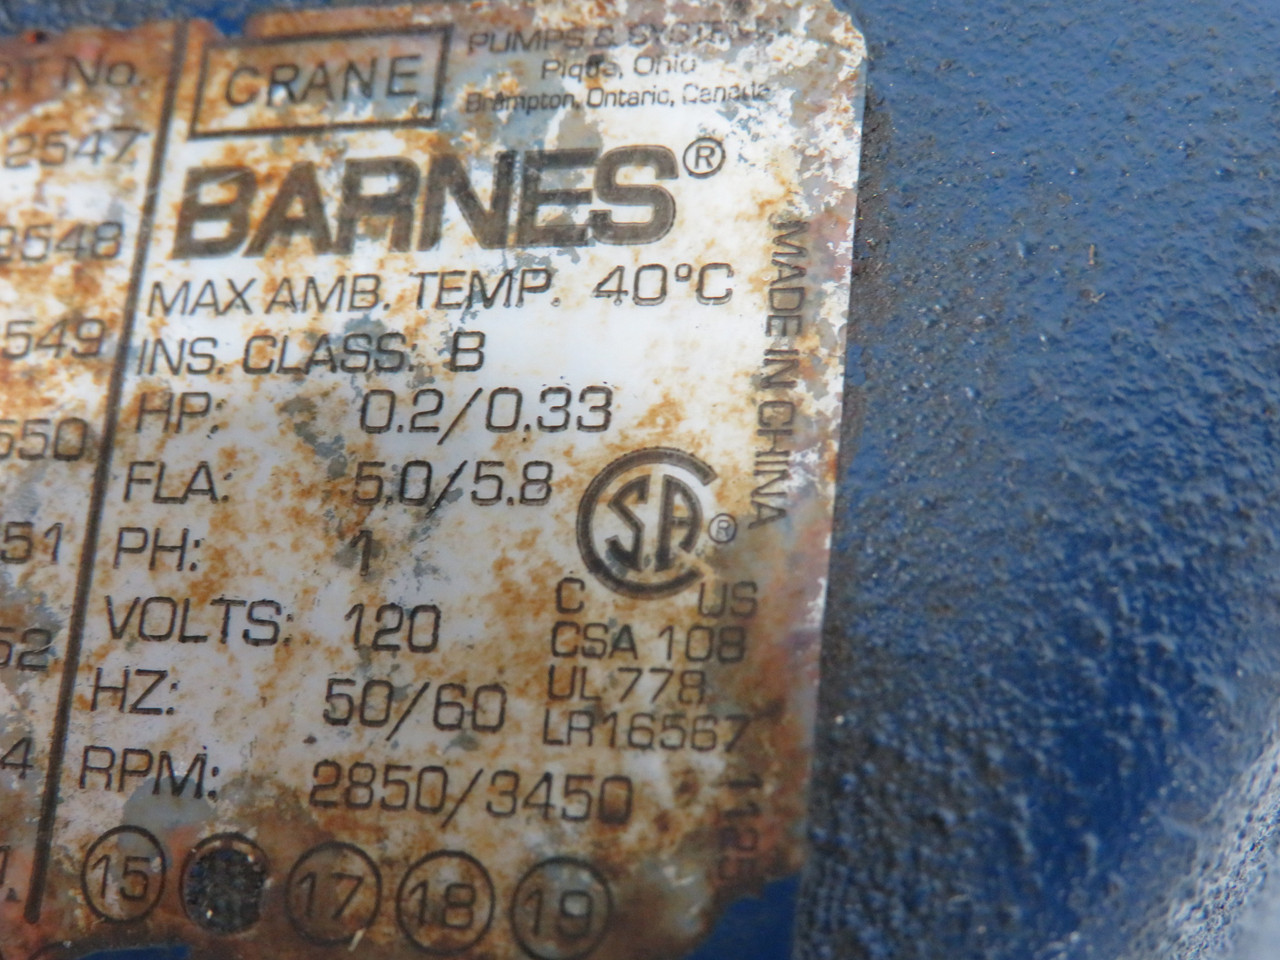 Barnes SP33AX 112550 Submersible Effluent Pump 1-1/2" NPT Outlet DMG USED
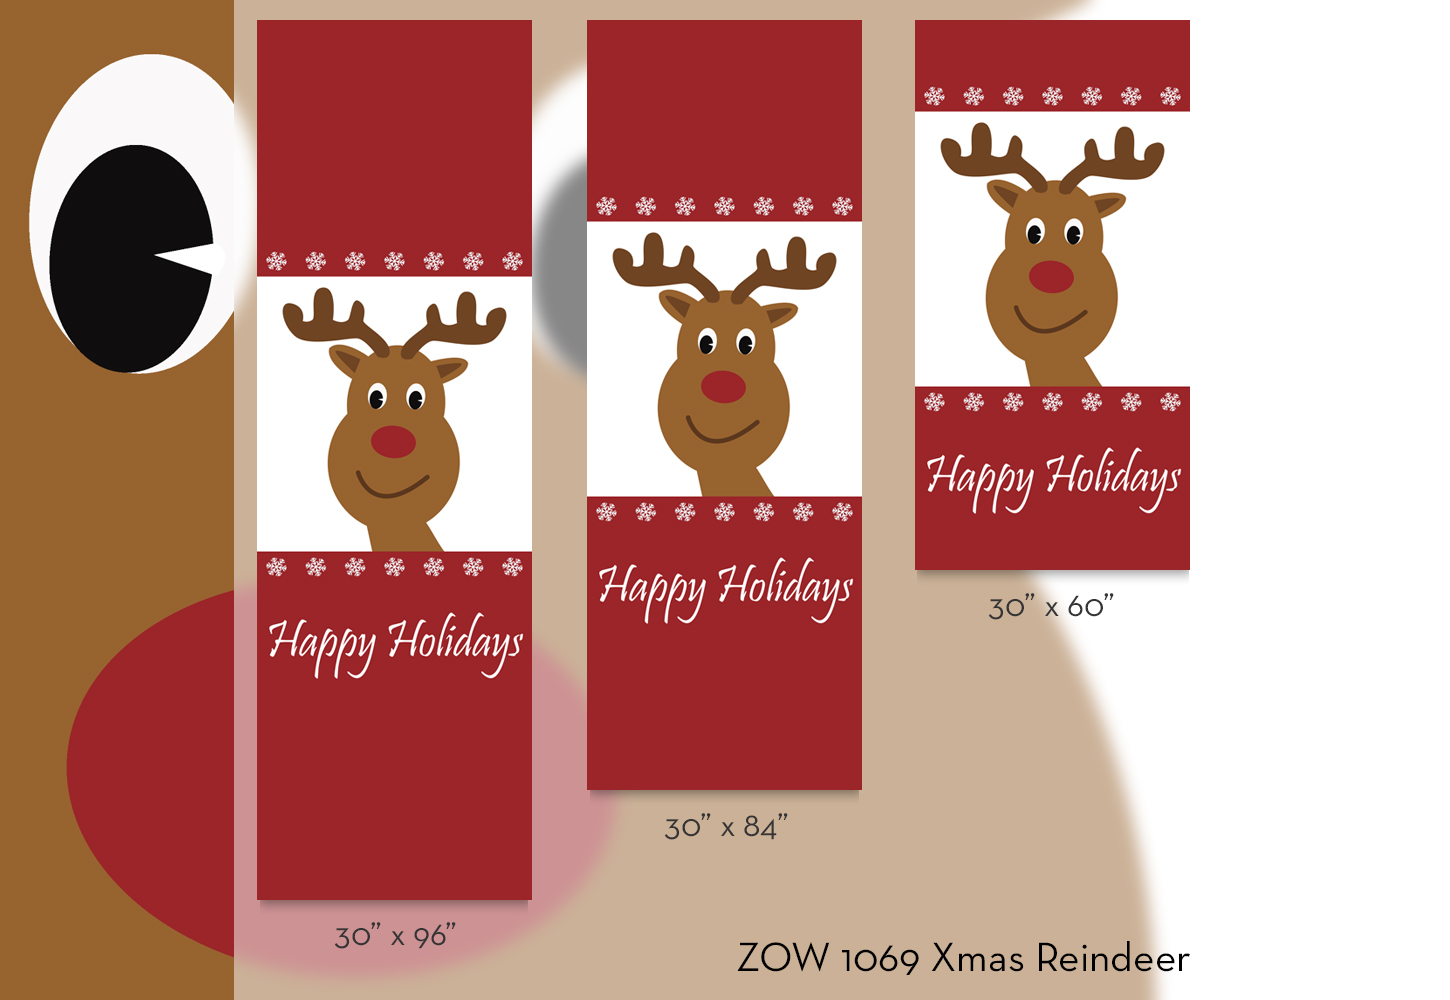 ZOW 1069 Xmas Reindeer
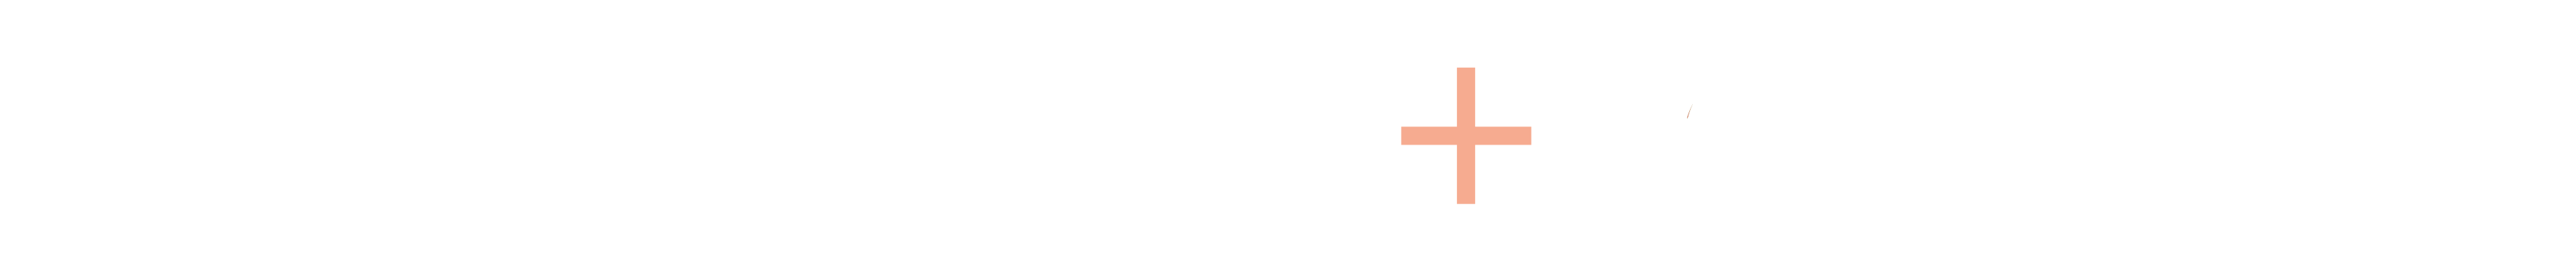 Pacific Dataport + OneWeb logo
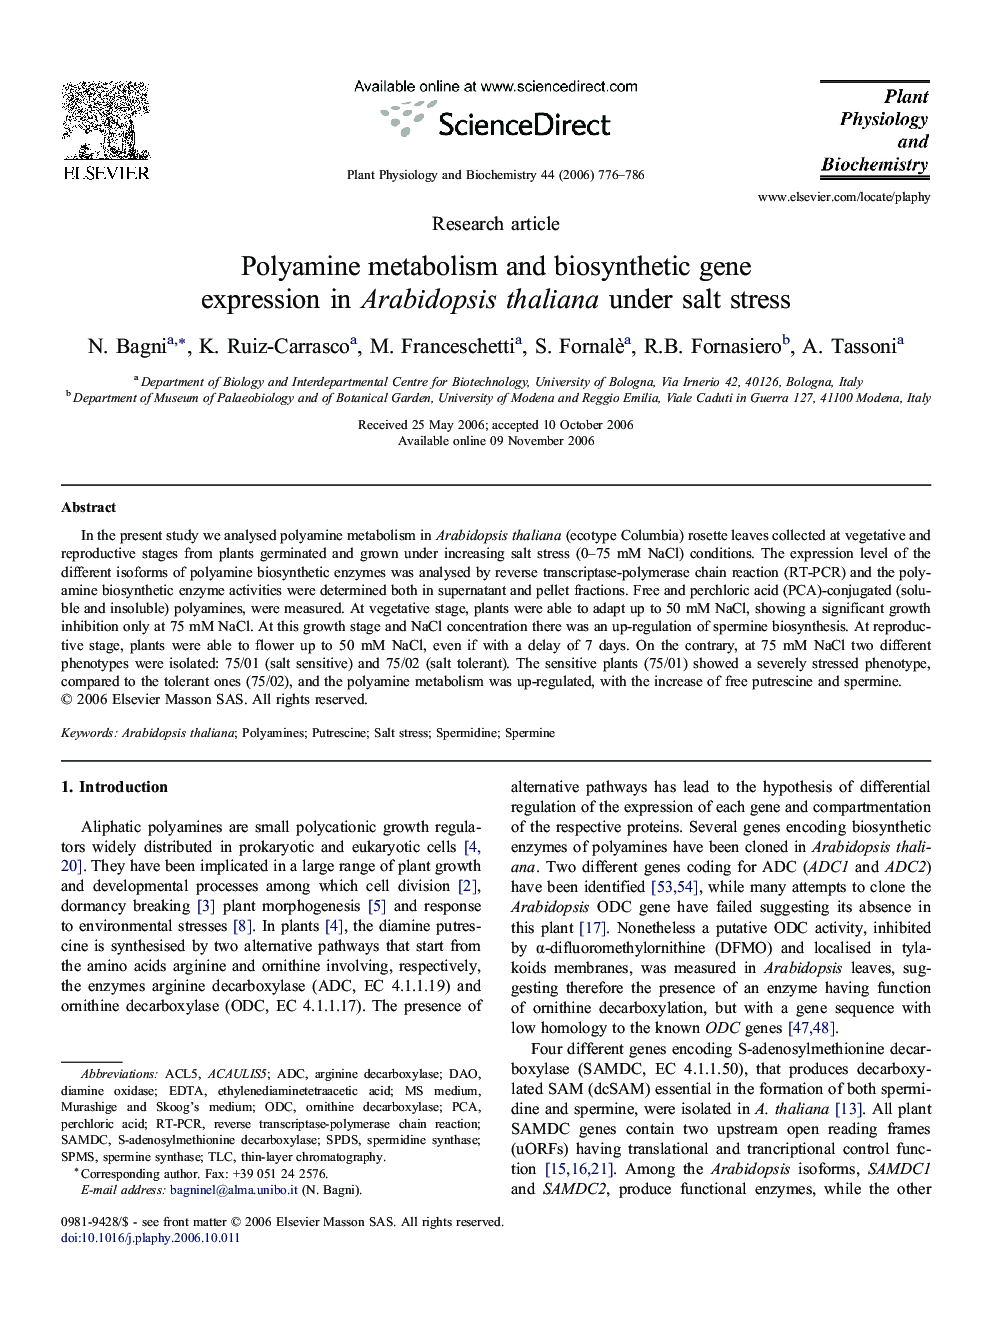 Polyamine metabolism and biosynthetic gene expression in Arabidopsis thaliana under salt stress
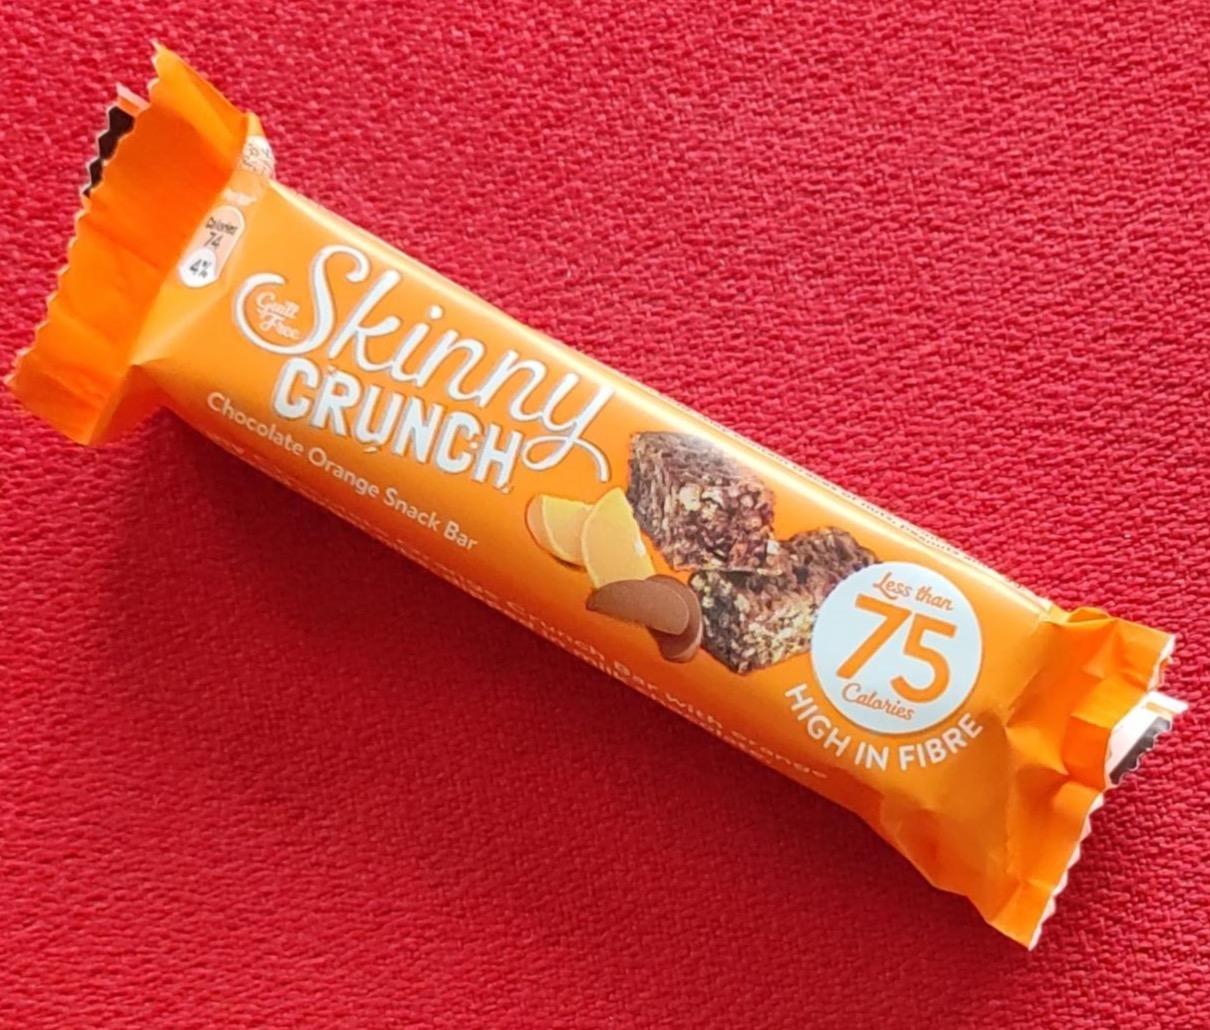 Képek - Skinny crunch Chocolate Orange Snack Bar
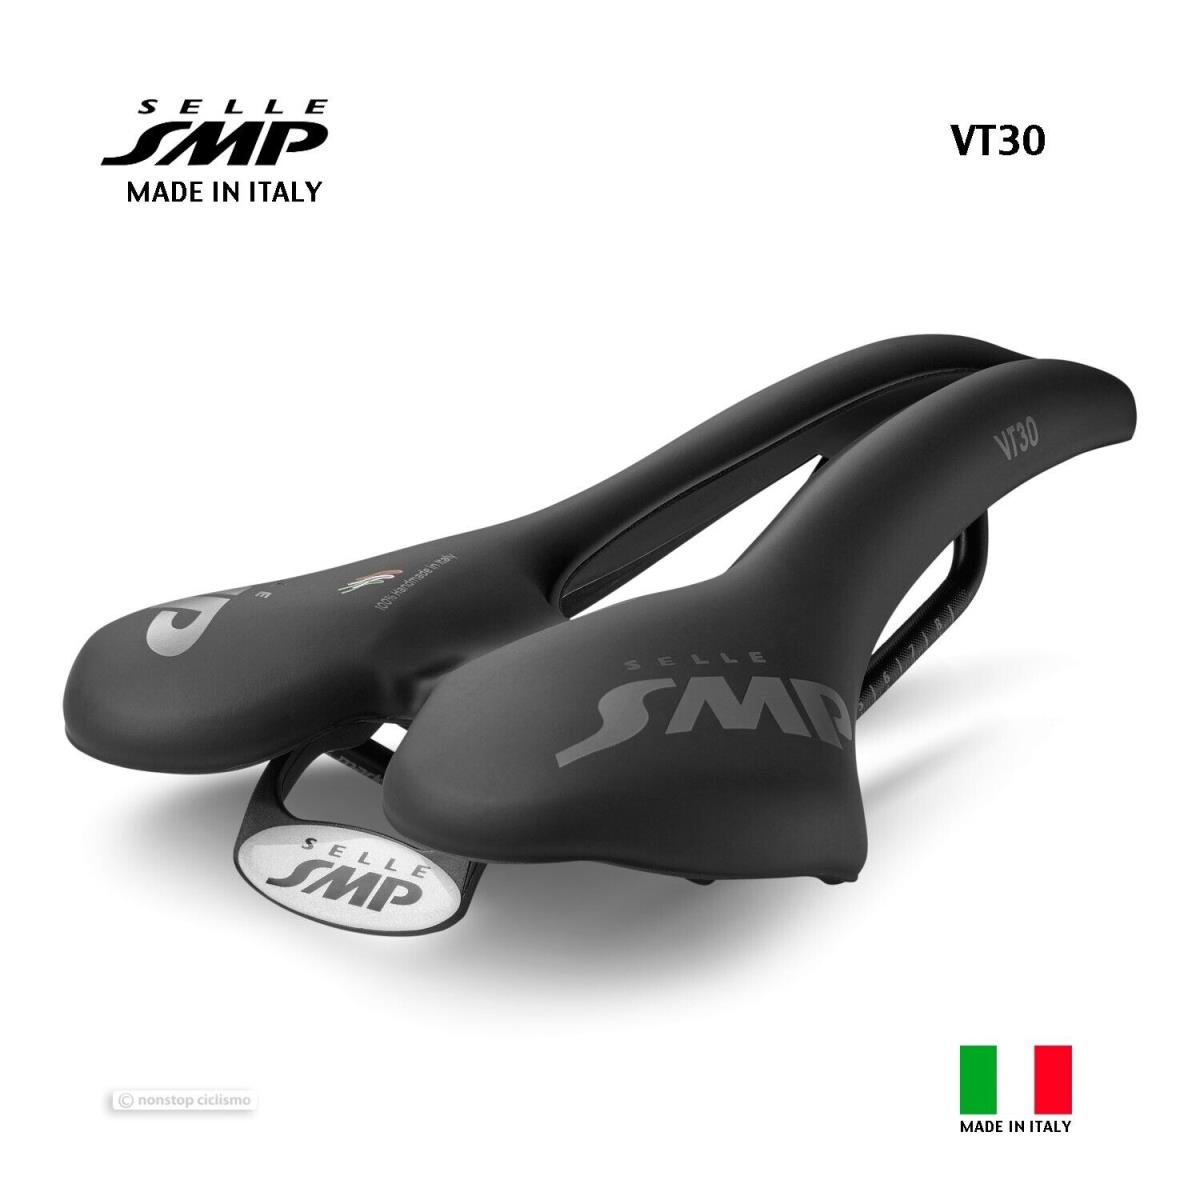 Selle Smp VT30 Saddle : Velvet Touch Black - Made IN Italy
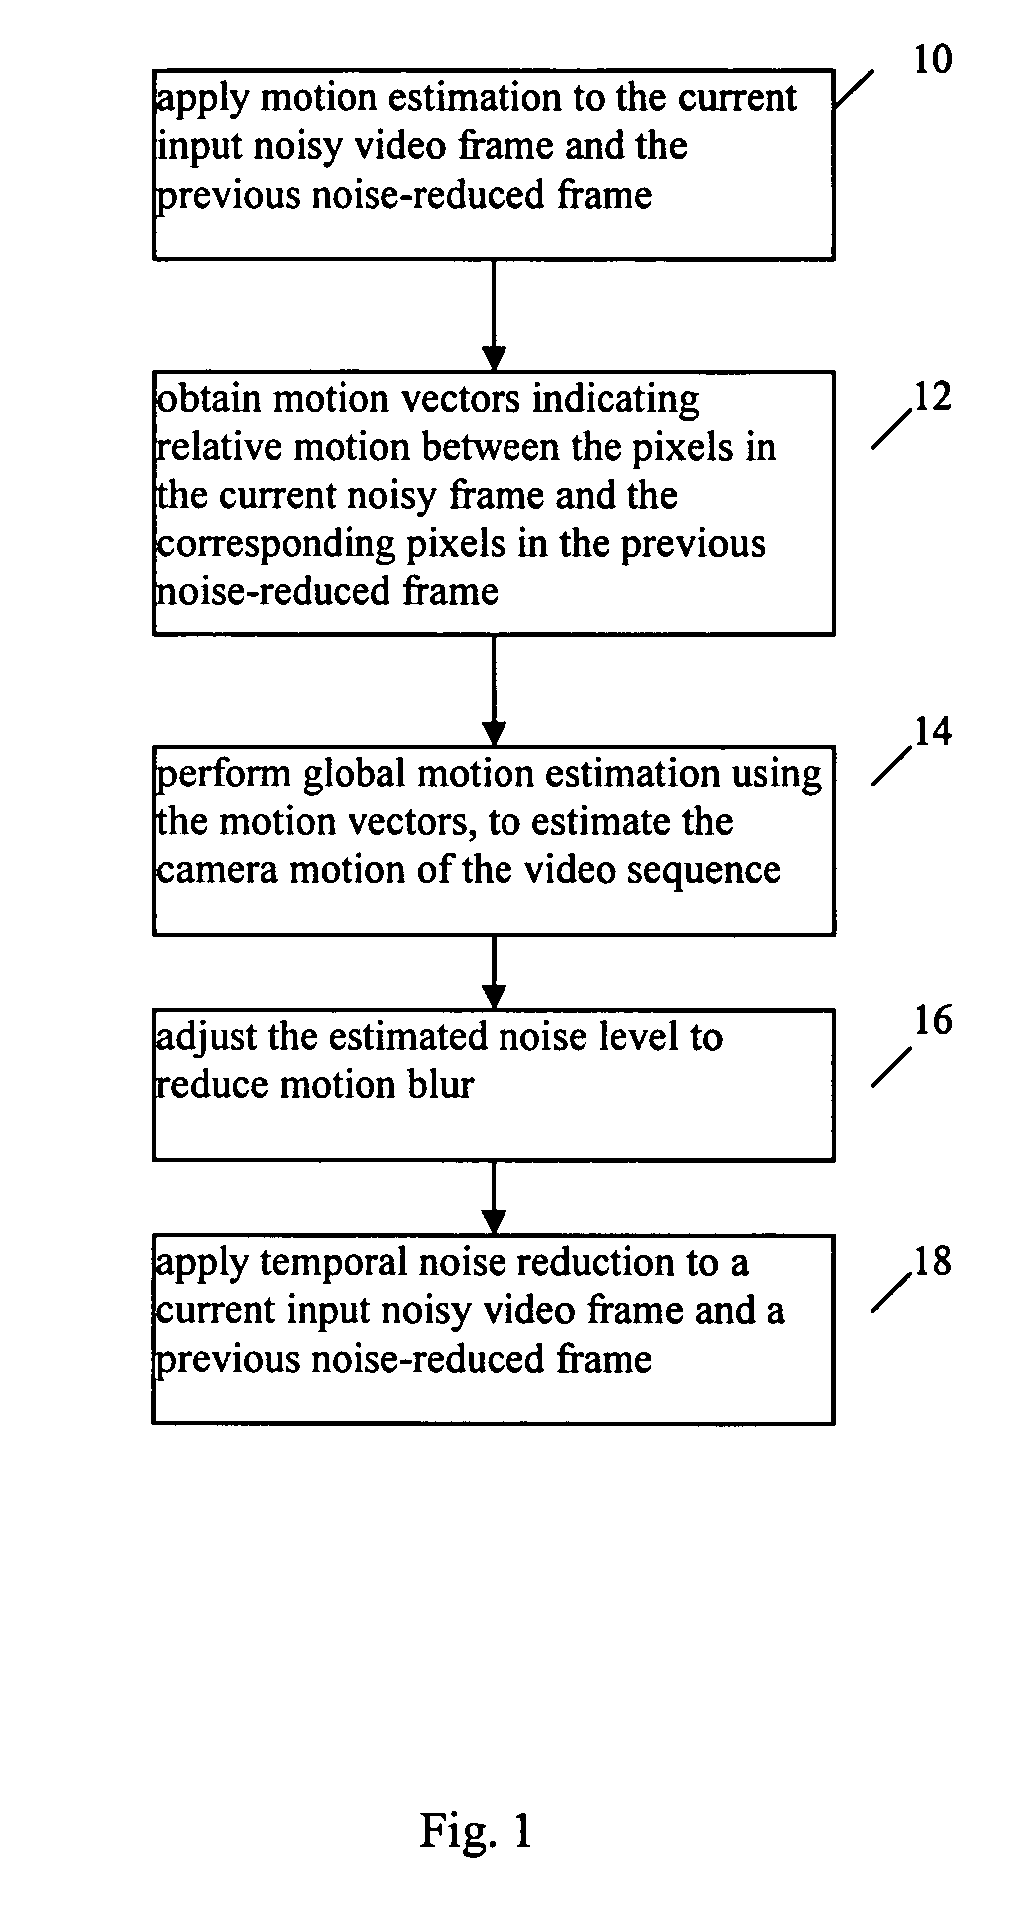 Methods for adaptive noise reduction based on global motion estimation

*****

▶ **Your objective**: Give again, word for word, the lines from the one containing "Polyamine metabolism and biosynthetic" through the last line of the entries, with pictures omitted and nothing added.

▶ **Answer below**:
 Polyamine metabolism and biosynthetic gene expression in Arabidopsis thaliana under salt stress
 Képek - Skinny crunch Chocolate Orange Snack Bar
 Selle Smp VT30 Saddle : Velvet Touch Black - Made IN Italy
 Methods for adaptive noise reduction based on global motion estimation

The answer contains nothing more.